#### Exercise prompt:
Make an exact copy of the data below, leaving out every picture.

#### Recorded information:

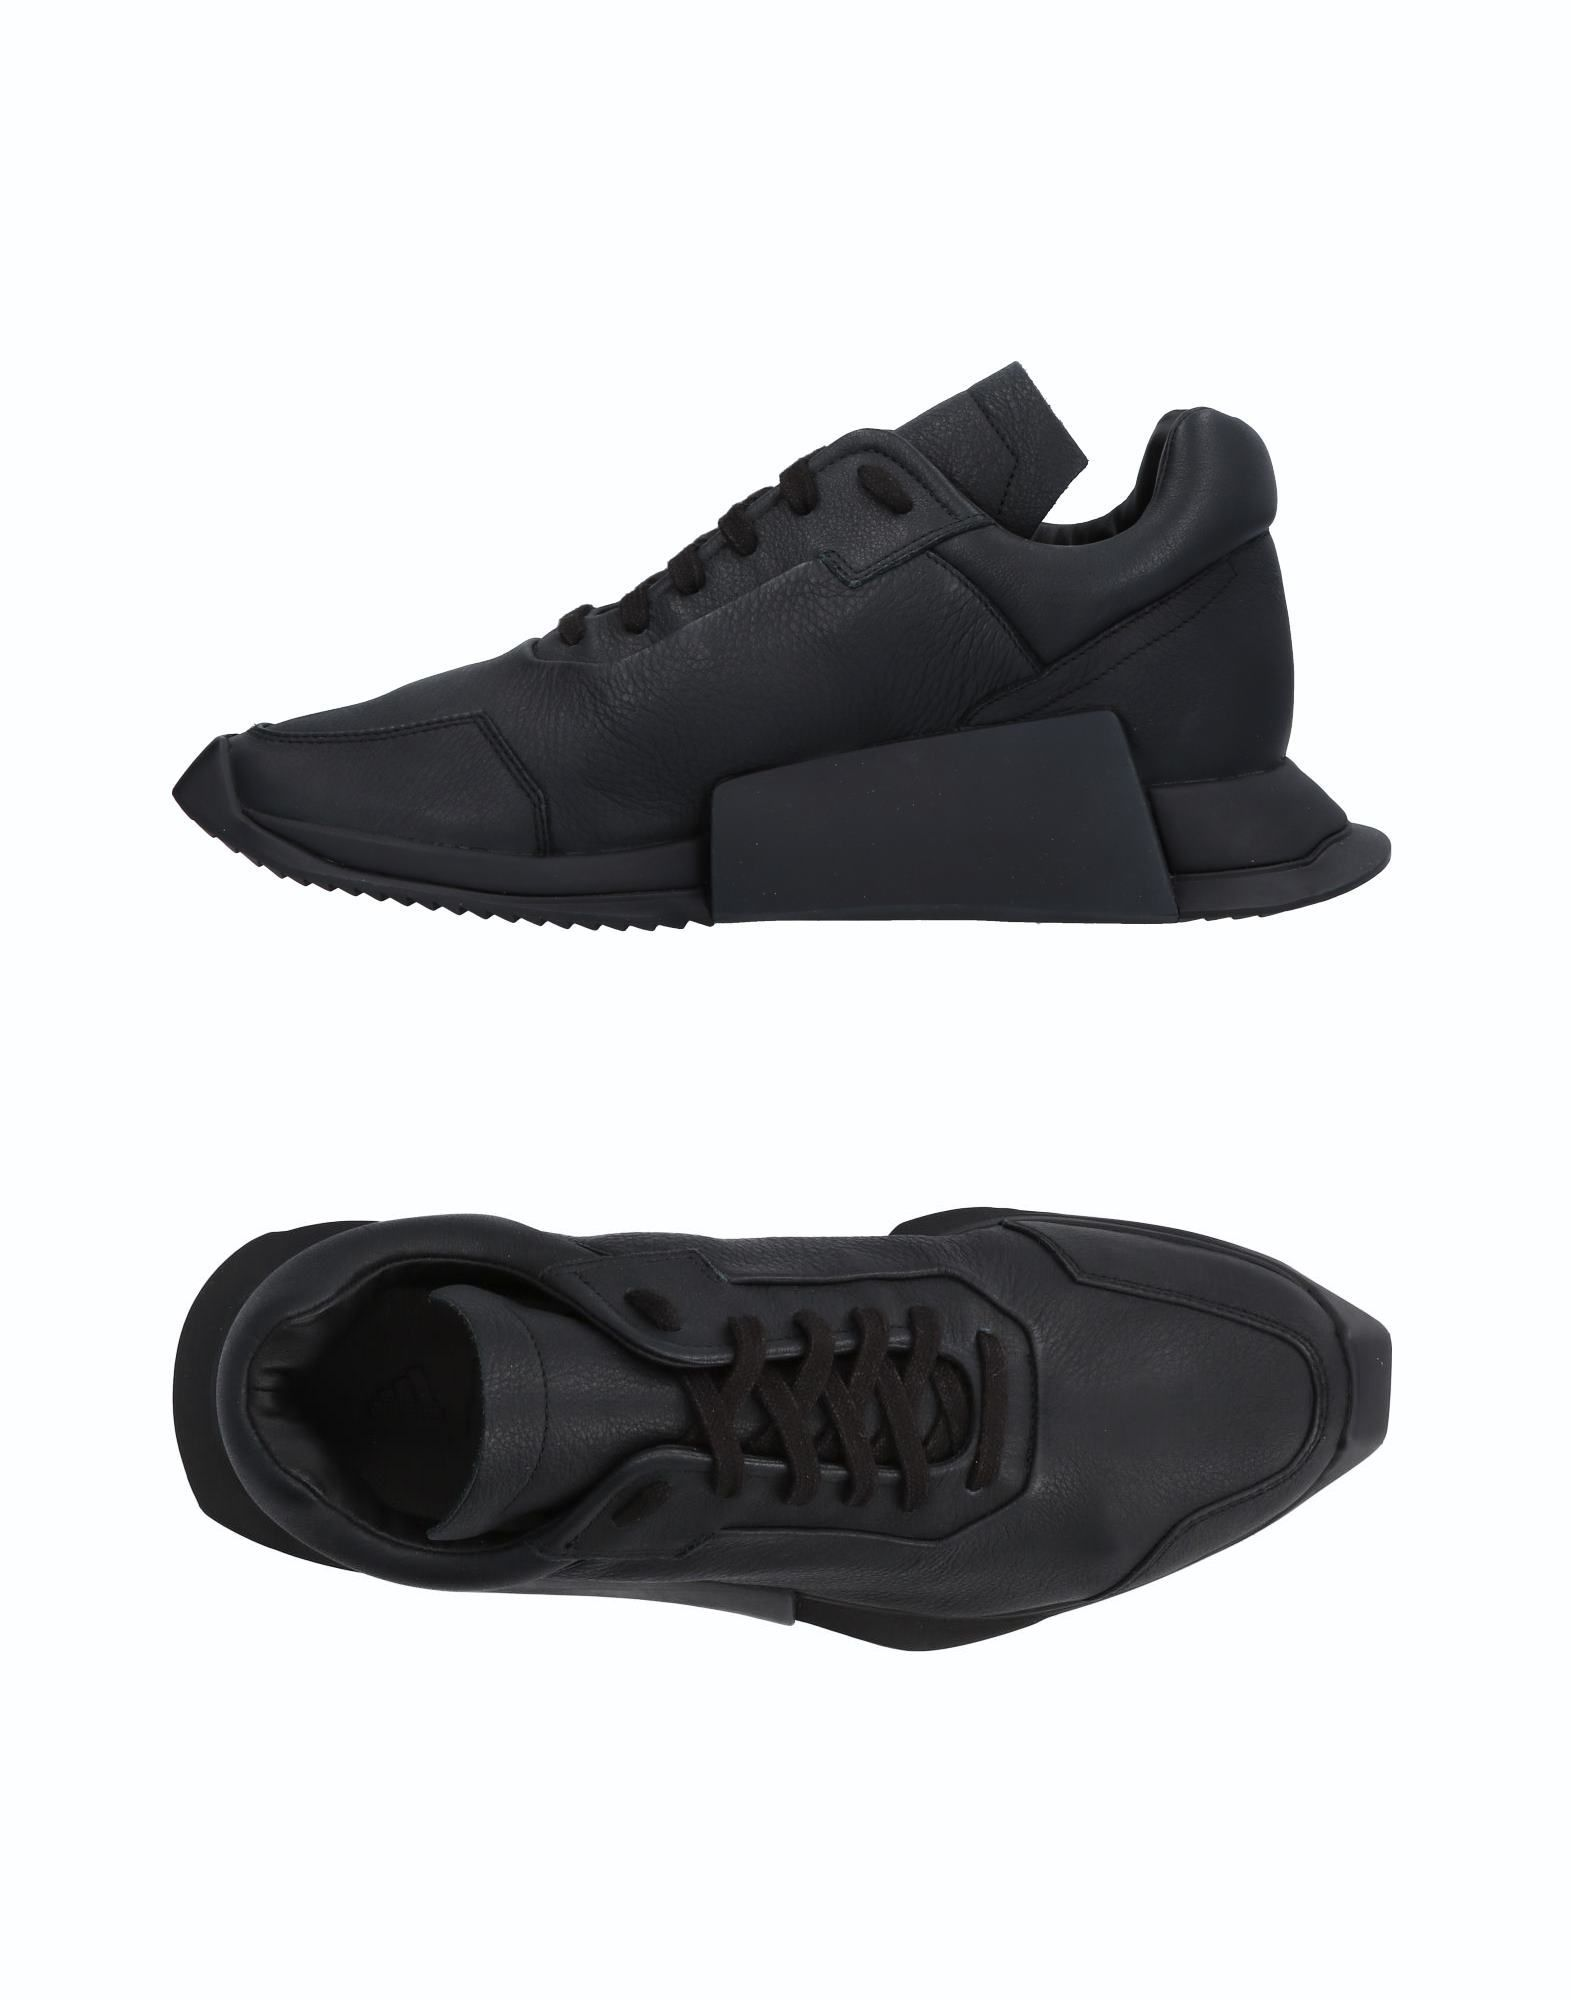 Sneakers Rick Owens X Adidas Donna - Acquista online su
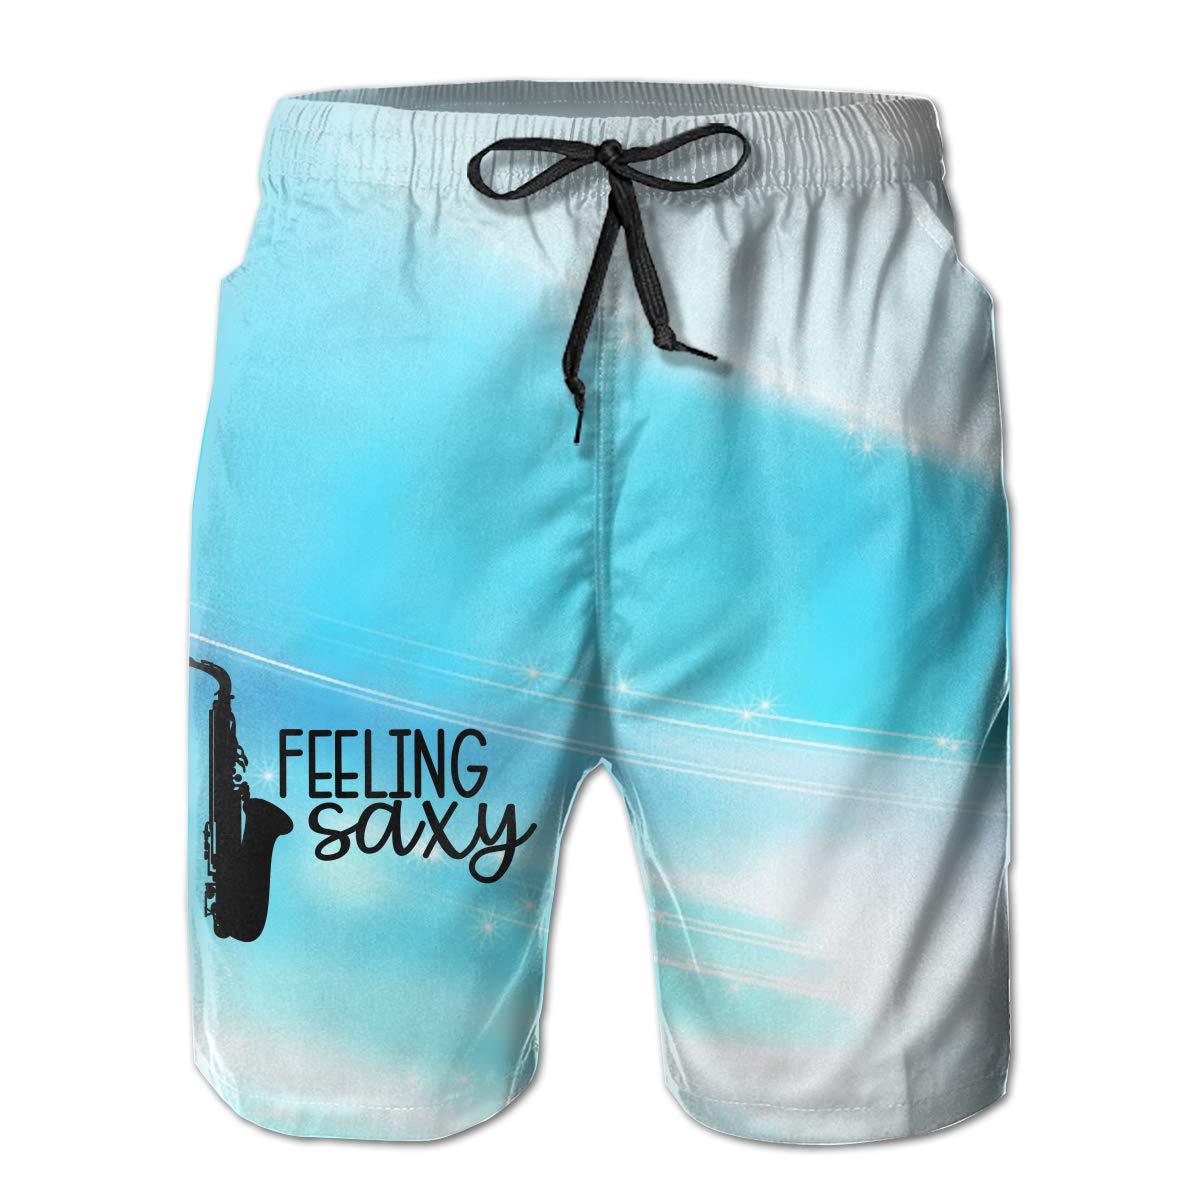 Feelin Saxy Saxophone Man Summer Casual Shorts,Beach Shorts Surf Shorts
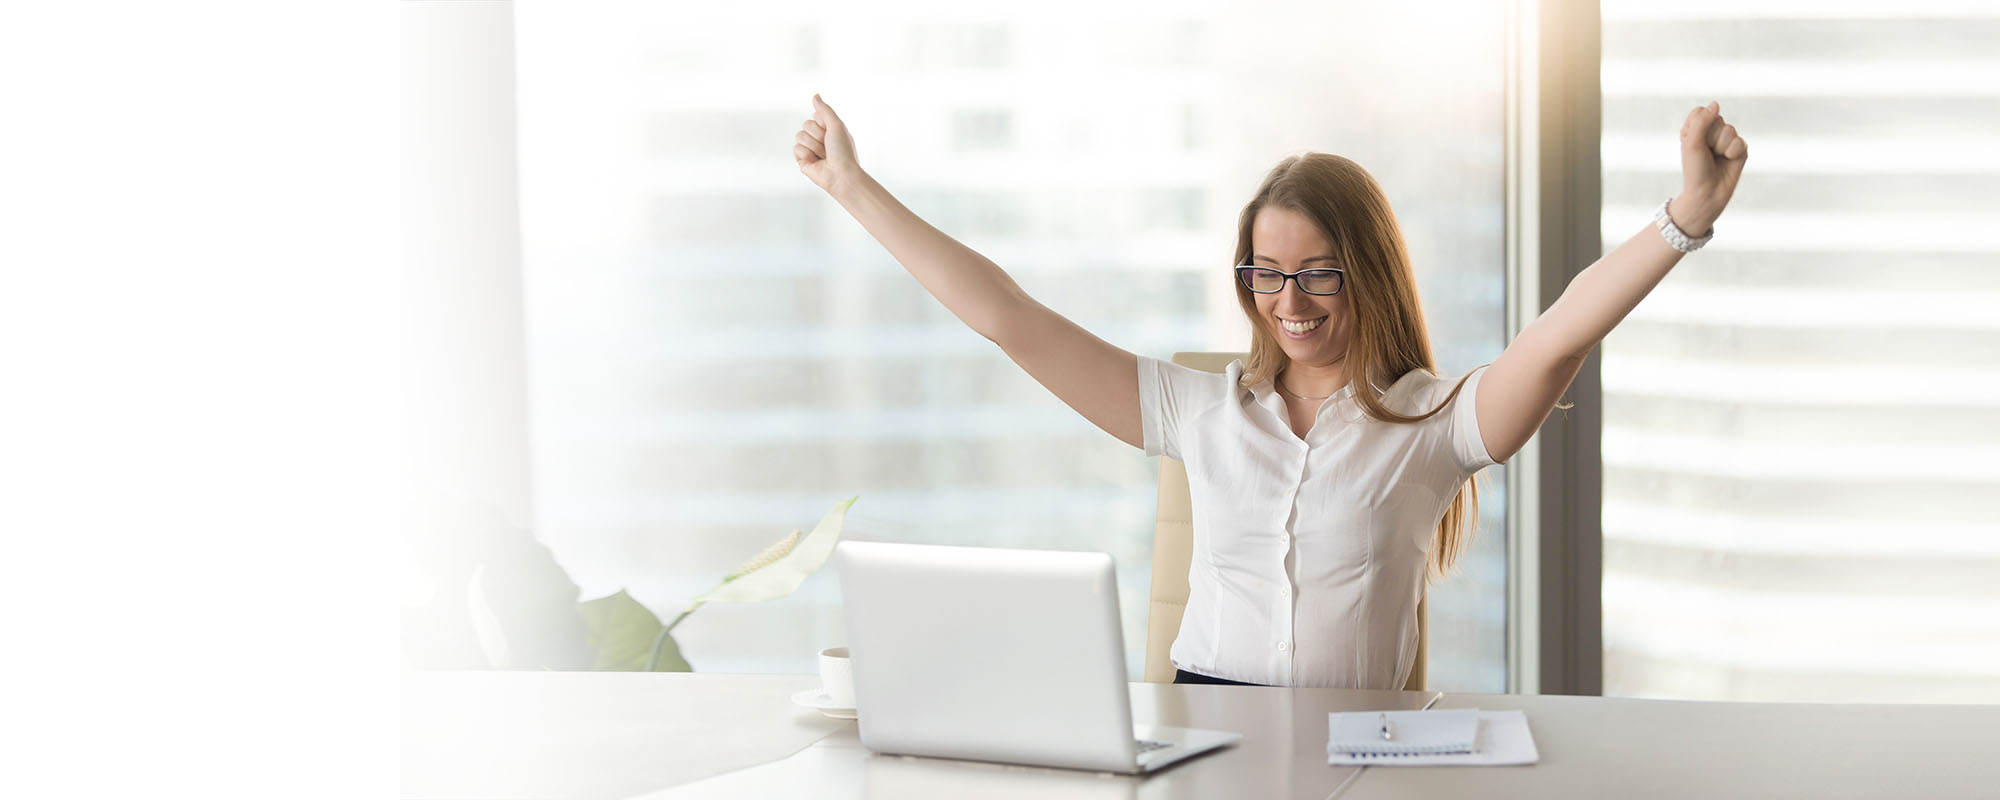 Easy Builder website creation

#### Expected output:
 Sneakers Rick Owens X Adidas Donna - Acquista online su
 Feelin Saxy Saxophone Man Summer Casual Shorts,Beach Shorts Surf Shorts
 Easy Builder website creation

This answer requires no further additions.